问题
I have been using Amazon's Product Advertising API to generate urls that contains prices for a given book. One url that I have generated is the following:
http://www.amazon.com/gp/offer-listing/0415376327%3FSubscriptionId%3DAKIAJZY2VTI5JQ66K7QQ%26tag%3Damaztest04-20%26linkCode%3Dxm2%26camp%3D2025%26creative%3D386001%26creativeASIN%3D0415376327
When I click on the link or paste the link on the address bar, the web page loads fine. However, when I execute the following code I get an error:
url = "http://www.amazon.com/gp/offer-listing/0415376327%3FSubscriptionId%3DAKIAJZY2VTI5JQ66K7QQ%26tag%3Damaztest04-20%26linkCode%3Dxm2%26camp%3D2025%26creative%3D386001%26creativeASIN%3D0415376327"
html_contents = urllib2.urlopen(url)
The error is urllib2.HTTPError: HTTP Error 503: Service Unavailable. First of all, I don't understand why I even get this error since the web page successfully loads.
Also, another weird behavior that I have noticed is that the following code sometimes does and sometimes does not give the stated error:
html_contents = urllib2.urlopen("http://www.amazon.com/gp/offer-listing/0415376327%3FSubscriptionId%3DAKIAJZY2VTI5JQ66K7QQ%26tag%3Damaztest04-20%26linkCode%3Dxm2%26camp%3D2025%26creative%3D386001%26creativeASIN%3D0415376327")

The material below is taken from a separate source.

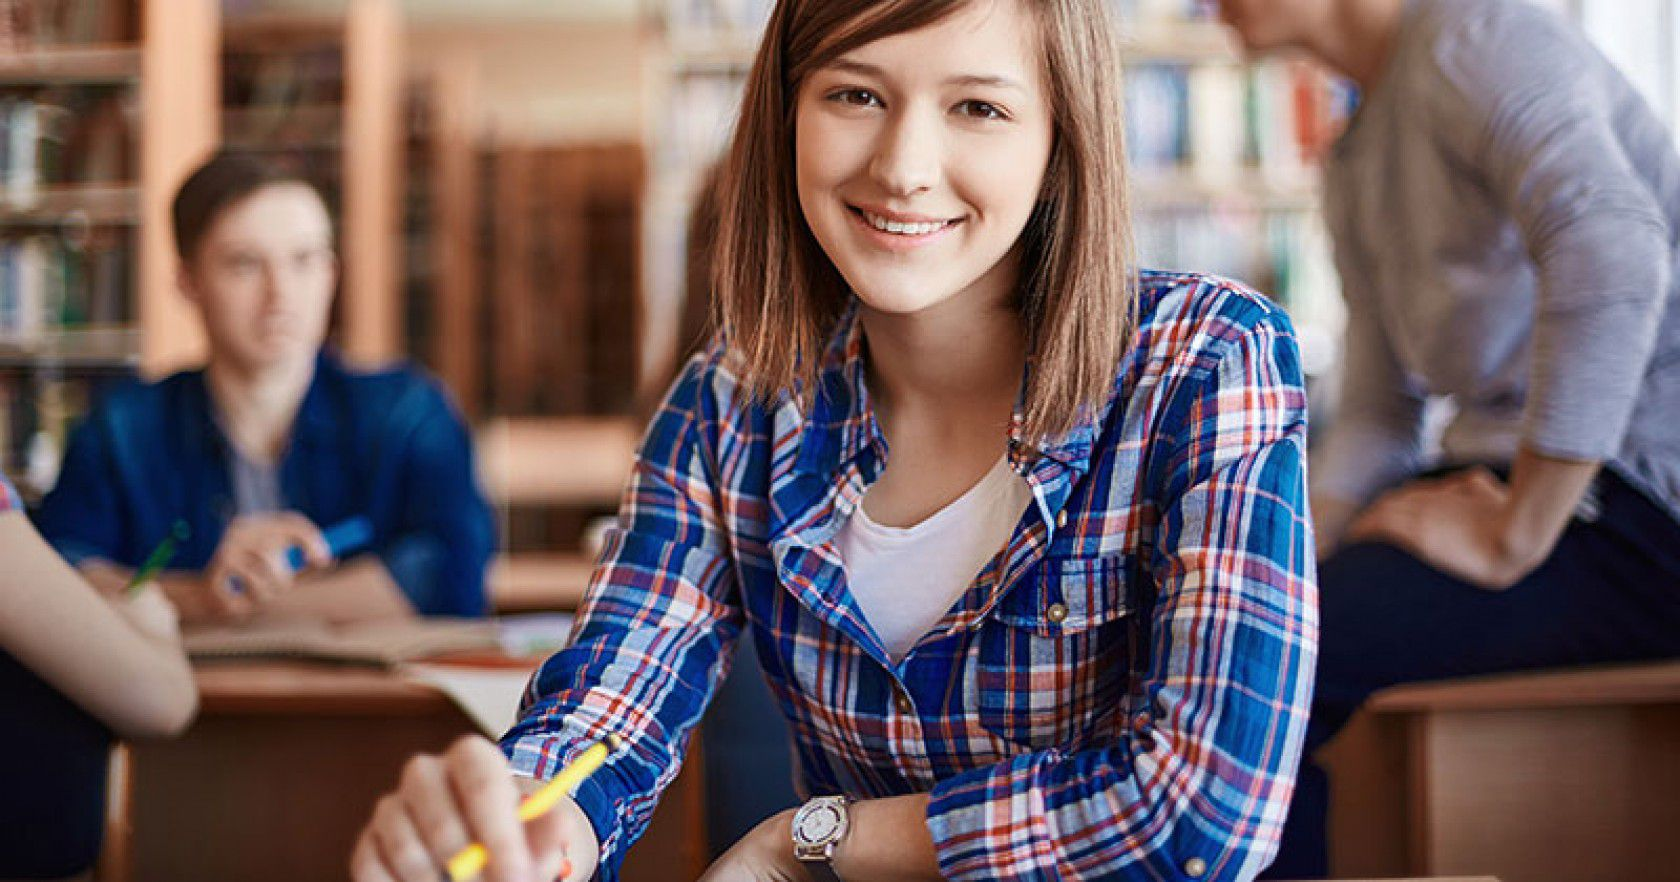 Avustralya Lise Eğitim Ücretleri Nelerdir?

I am totally lost on how this behavior occurs. Is there any fix or work around to this? My goal is to read the html contents of the url.
EDIT
I don't know why stack overflow is changing my code to change the amazon link I listed above in my code to rads.stackoverflow. Anyway, ignore the rads.stackoverflow link and use my link above between the quotes.
回答1:
It's because Amazon don't allow automated access to their data, so they're rejecting your request because it didn't come from a proper browser. If you look at the content of the 503 response, it says:
To discuss automated access to Amazon data please contact api-services-support@amazon.com. For information about migrating to our APIs refer to our Marketplace APIs at https://developer.amazonservices.com/ref=rm_5_sv, or our Product Advertising API at https://affiliate-program.amazon.com/gp/advertising/api/detail/main.html/ref=rm_5_ac for advertising use cases.
This is because the User-Agent for Python's urllib is so obviously not a browser. You could always fake the User-Agent, but that's not really good (or moral) practice.
As a side note, as mentioned in another answer, the requests library is really good for HTTP access in Python.
回答2:
Amazon is rejecting the default User-Agent for urllib2 . One workaround is to use the requests module
import requests
page = requests.get("http://www.amazon.com/gp/offer-listing/0415376327%3FSubscriptionId%3DAKIAJZY2VTI5JQ66K7QQ%26tag%3Damaztest04-20%26linkCode%3Dxm2%26camp%3D2025%26creative%3D386001%26creativeASIN%3D0415376327")
html_contents = page.text
If you insist on using urllib2, this is how a header can be faked to do it:
import urllib2
opener = urllib2.build_opener()
opener.addheaders = [('User-agent', 'Mozilla/5.0')]
response = opener.open('http://www.amazon.com/gp/offer-listing/0415376327%3FSubscriptionId%3DAKIAJZY2VTI5JQ66K7QQ%26tag%3Damaztest04-20%26linkCode%3Dxm2%26camp%3D2025%26creative%3D386001%26creativeASIN%3D0415376327')
html_contents = response.read()
Don't worry about stackoverflow editing the URL. They explain that they are doing this here.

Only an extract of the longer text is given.